Perhaps Panton's great achievement was understanding how to transform space and create a sense of shifting scale through illuminated walls and ceilings, and macro-micro reflective surfaces. But although the spatial dislocations are extreme, the resulting sense of temporal stasis is even odder. Ultimately, these rooms appear as intimate environments for 'being' - a very 60s-into-70s notion, or as Jonathan Meades put it: 'Most of the state-of-the-art super hippies seemed to live in a totally different world. It was a closed and not talking world. [...] They didn't say anything, didn't do anything - just sat there.' 2 Some of Panton's most complete environments are ostensibly social spaces - restaurants, canteens, lobbies, bars - but they are strangely anti-social in the conventional sense.
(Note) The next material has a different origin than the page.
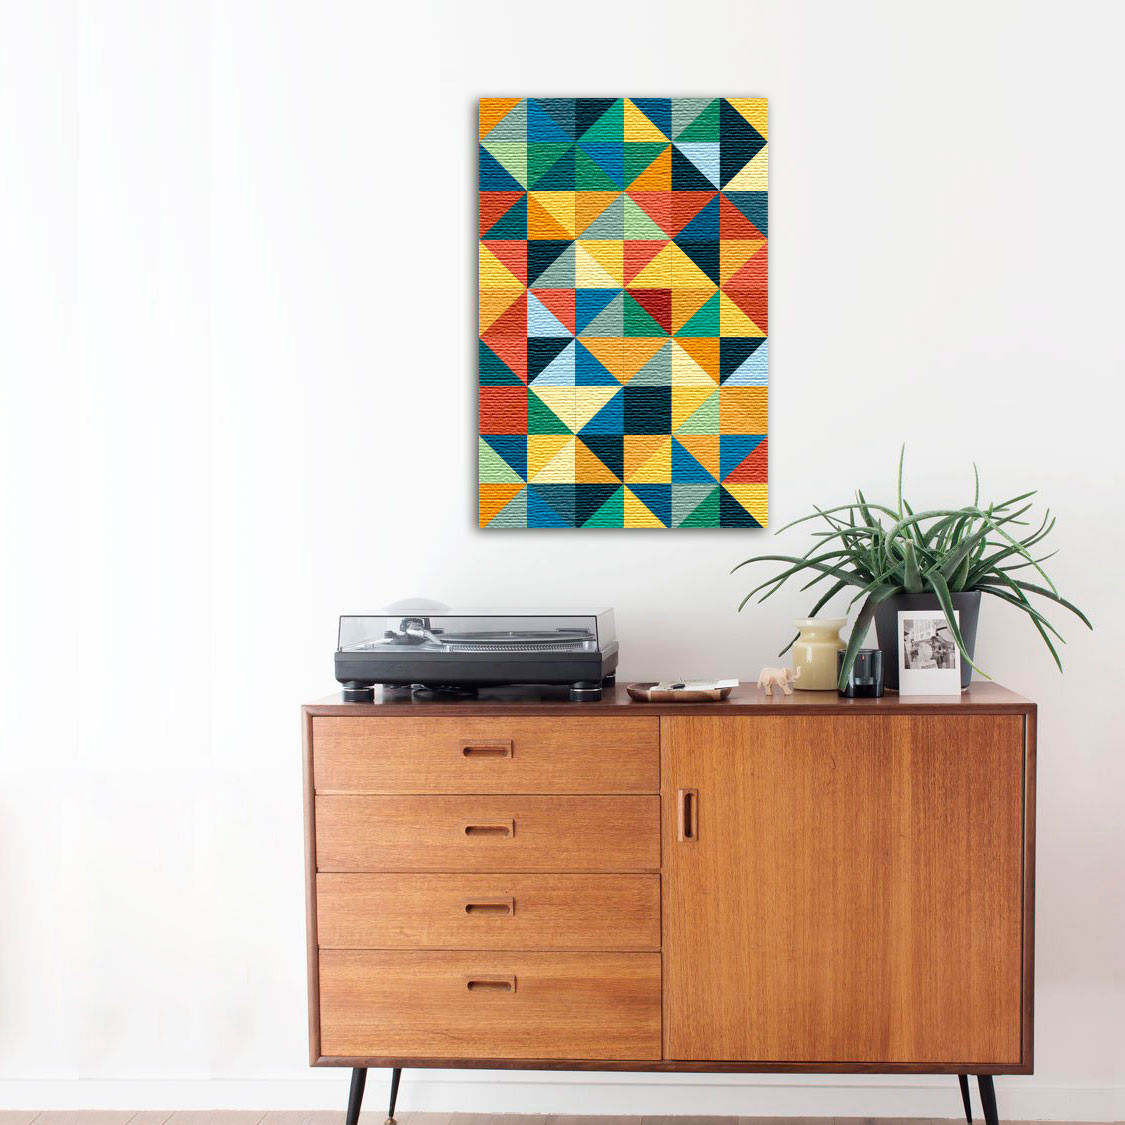 Quadro Decorativo Quadrados Abstrato Colorido

You couldn't imagine beery laughter at the Spiegel bar, or idly chattering groups of people in the Phantasy Landscape; and who knows what kind of dining experience was enjoyed by customers of the Varna restaurant in Aarhus, Denmark, within the overwhelming beetroot pink cocoon Panton created in 1971. Unlike contemporaries such as Joe Colombo, whose Utopian visions centred around an ideal of functional transformation - portable kitchen modules and living units, glasses that allowed you to smoke and drink using only one hand - Panton's environments involve a kind of perceptual transformation, an introversion in which the notion of practical activity becomes an irrelevance - just so much bric-a-brac to be cleared away.

1. Verner Panton, quoted in Niels-Jørgen Kaiser and Svend Erik Møller, Verner Panton, 1985

2. Jonathan Meades, quoted in Jonathon Green, Days in the Life, Heinemann, 1988, p. 188

'Verner Panton: the Light, the Colours' will travel from the Trapholt Museum, Denmark, to the Design Museum, London (17 June - 10 October) and the Vitra Museum, Basel (January 2000).